Погорелов медленно поднялся. Руки его дрожали. Пока вылезал из-за стола, задел стакан, и он с грохотом упал на пол и разбился. Не говоря ни слова, он так же медленно пошел к двери. Уже взявшись за щеколду, обернулся, посмотрел Рябоконю в глаза, хотел еще что-то сказать, но, слегка махнув рукой, толкнул входную дверь своей хаты…

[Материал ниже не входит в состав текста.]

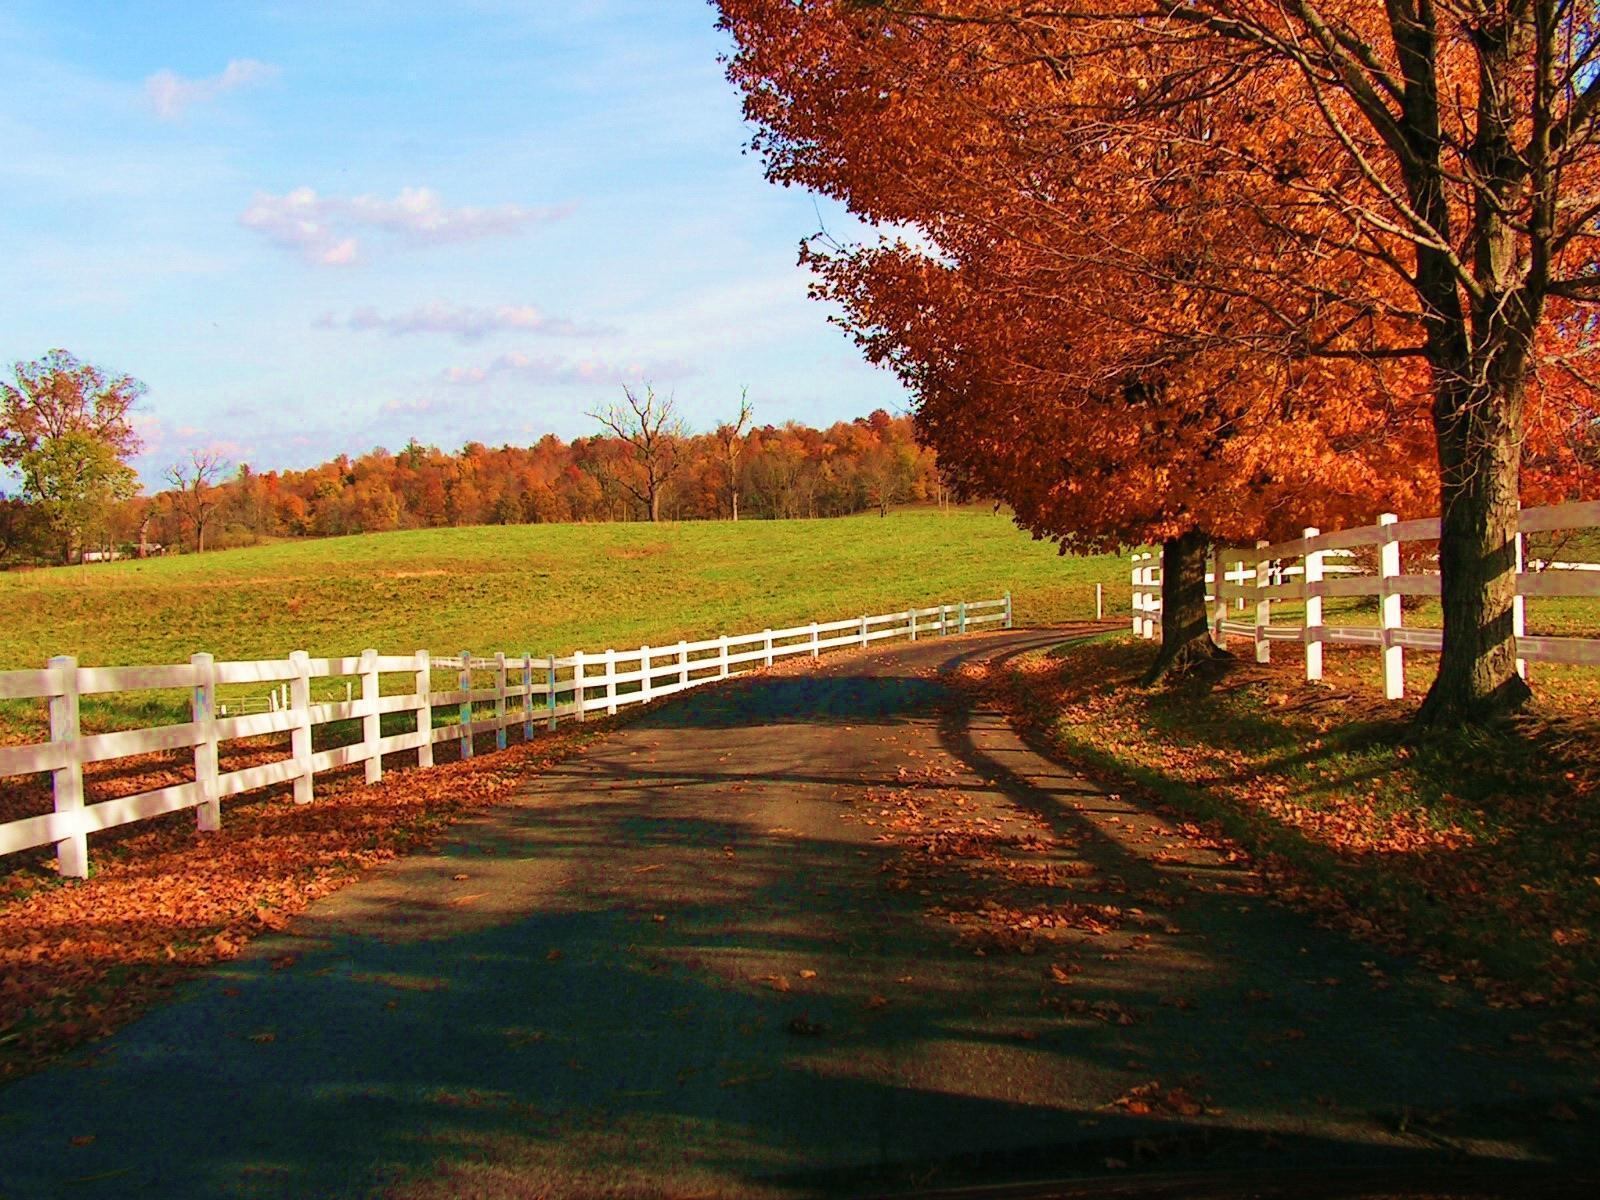 Autumn Season Wallpapers Top Free Autumn Season

Ночь была теплая, настоянная на дурманящих запахах первой зелени и пьянящем духе зацветающей сирени. Моросил мелкий дождь. Видимо, этот дождь и помог спастись Киселеву и землемеру Иванову. Удавки у них ослабли, и они остались живы. Когда Киселев очнулся, он еще слышал прерывистый предсмертный хрип Погорелова. Но вместо того, чтобы спасать своего председателя сельского совета и соратника по революционной борьбе, он полез под амбар, притаился, забился в страхе в какой-то куток и просидел там, пока не миновала опасность.

На помощь Погорелову бросилась его старшая дочь Луша. Она училась на педагогических курсах в Полтавской, но в это время была дома. Вопреки предупреждению рябоконевцев не выходить из хаты до утра, она разбила оконное стекло, порезав руки. Выскочив из хаты, бросилась к отцу, чтобы ослабить удавку, но было уже поздно. Василий Кириллович был мертв. Луша, упав на грудь отца, тормошила его уже бездыханное тело и кричала. В темноте она не видела, что его синеющее лицо измазала своей кровью, обрезанных стеклом рук.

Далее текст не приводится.